Paris, le jeudi 18 avril 2013 – La France a demandé à l’Agence européenne du médicament (EMA) de procéder à une réévaluation du bénéfice/risque des pilules contraceptives de troisième et quatrième génération. Il s'agissait notamment de déterminer si des changements d’indications étaient nécessaires face au risque accru d’accidents thrombo-emboliques. Après avoir initialement fait part de son refus de répondre à une telle requête, l’EMA l’a finalement accepté en application d’une nouvelle procédure récemment mise en place pour améliorer la sécurité des produits de santé.
Vingt-cinq étrangers et un Français
Comme le suggère le premier mouvement de l’EMA, les experts européens ne paraissent pas partager l’inquiétude des autorités françaises concernant les pilules contraceptives. Cette position ne s’arrête pas uniquement aux responsables sanitaires, mais également aux praticiens spécialistes. Ainsi, le Journal of Family planning and reproductive health vient-il de publier la tribune de vingt-six gynécologues exerçant dans plusieurs pays d’Europe (de la Belgique au Portugal en passant par la Suisse ou l’Allemagne) et aux Etats-Unis qui se montrent assez sévères vis-à-vis de la réaction des autorités françaises sur ce dossier. Un médecin français, le docteur David Serfaty auteur entre autres d’un ouvrage sur l’avenir de la contraception, s’est associé à ses confrères étrangers pour signer ce texte.
Mieux vaut prendre la pilule que de faire le tour de France !

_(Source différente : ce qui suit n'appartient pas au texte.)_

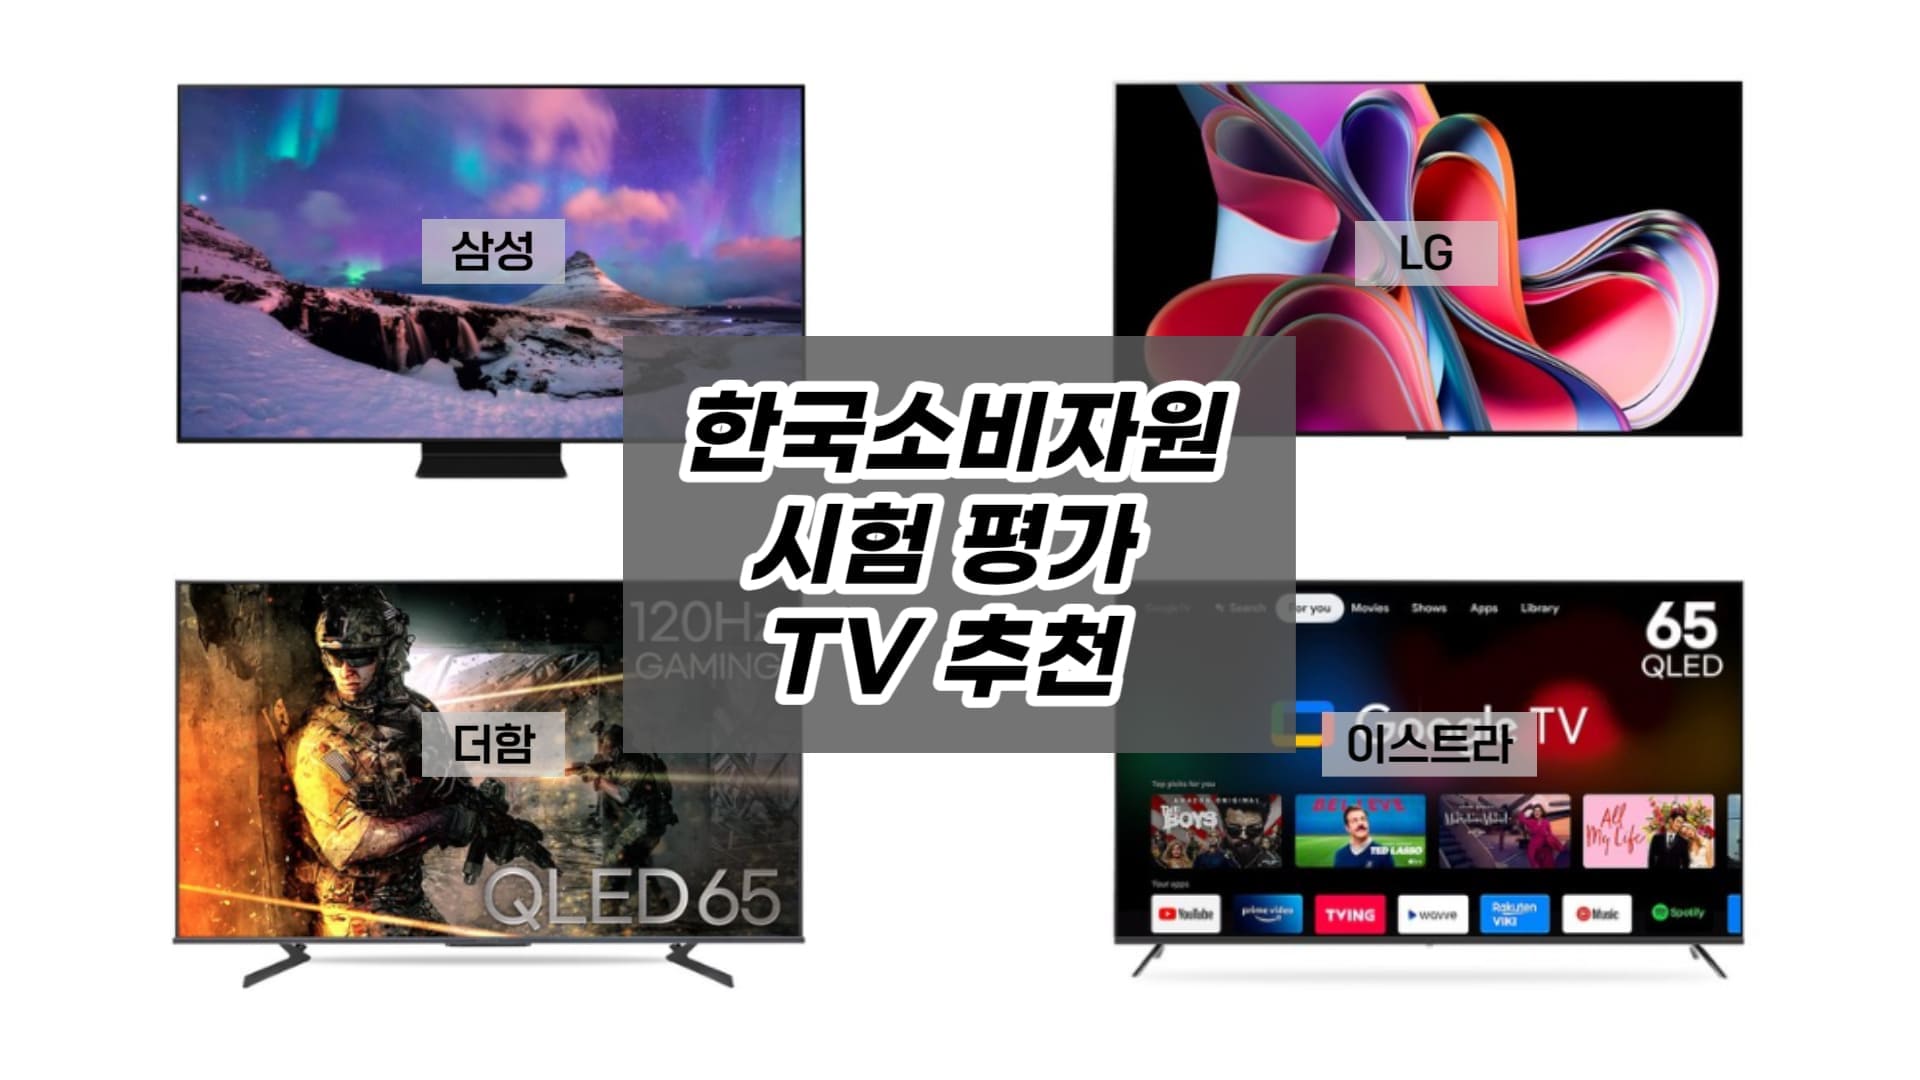 2022년 한국소비자원 시험 평가 TV 중 삼성 LG 더함 이스트라 제품
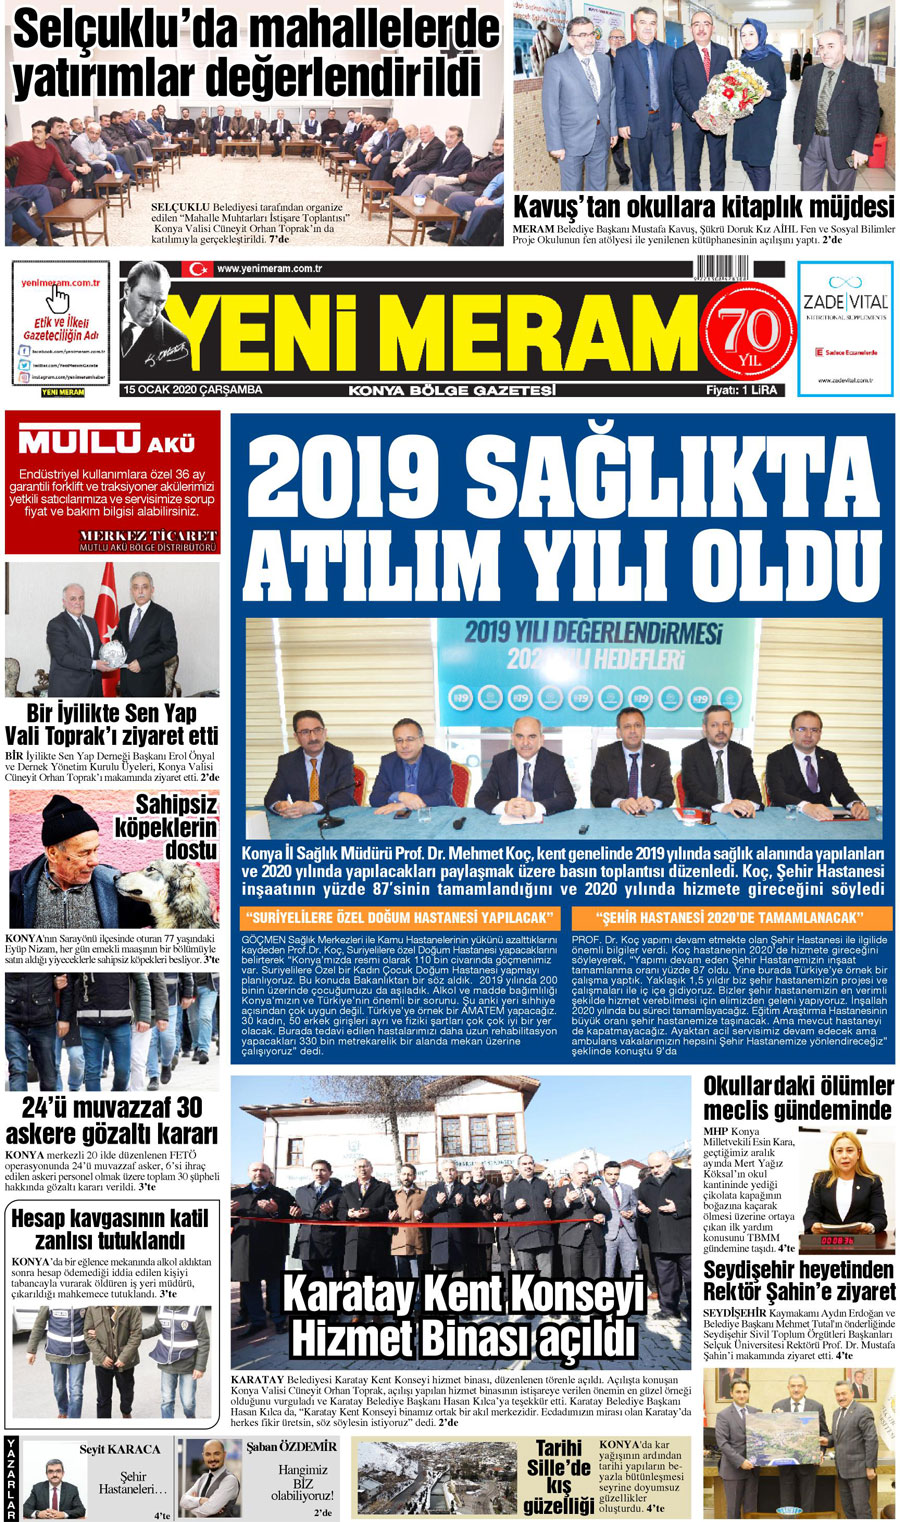 15 Ocak 2020 Yeni Meram Gazetesi

Intitulé « Une nouvelle panique à la pilule ? Comment en sommes nous arrivés là et comment y faire face » cette tribune considère que le climat émotionnel et passionnel (voire « idéologique ») qui s’est installé en France rend très difficile l’exercice de toute « pensée critique » et « censée ». Or rappelle-t-il, les données disponibles sur le risque thrombo-embolique associé aux pilules de troisième et quatrième génération sont « incomplètes ou controversés ». En tout état de cause, notent-ils : « Le risque de mort par un accident thrombo-embolique veineux est faible (…) inférieur au risque associé à des activités courantes comme le cyclisme » observent-ils. Ils insistent par ailleurs sur le fait que de « nombreux facteurs peuvent augmenter le risque d’AVC ce qui rend difficile les études épidémiologiques et ce qui peut expliquer les résultats contradictoires ». Dès lors, estiment-ils que plutôt qu’une réaction épidermique, les femmes ont besoin d’un suivi attentif reposant sur la prise en considération au cas par cas de leurs facteurs de risque et qui permette une évaluation pour chacune d’elles du bénéfice/risque de la prescription. A contrario, la position française a entraîné une crise au « détriment de tous, et notamment des femmes » concluent les auteurs.
La voix de l’étranger
Voilà une analyse qui confortera la majorité des professionnels de santé Français qui sur le site JIM ont été 85 % à considérer que la réaction du ministère dans « l’affaire » des pilules de troisième génération avait été disproportionnée. Cette position de ces praticiens étrangers va également dans le sens des commentaires de plusieurs gynécologues français, dont les professeurs Israël Nisand et le docteur Brigitte Letombe qui ont durement regretté le manque de discernement des autorités sur ce dossier. Autant de contestations qui n’ont été nullement prises en compte par les autorités.
Reste à savoir si cet appel venu d’ailleurs aura plus de succès.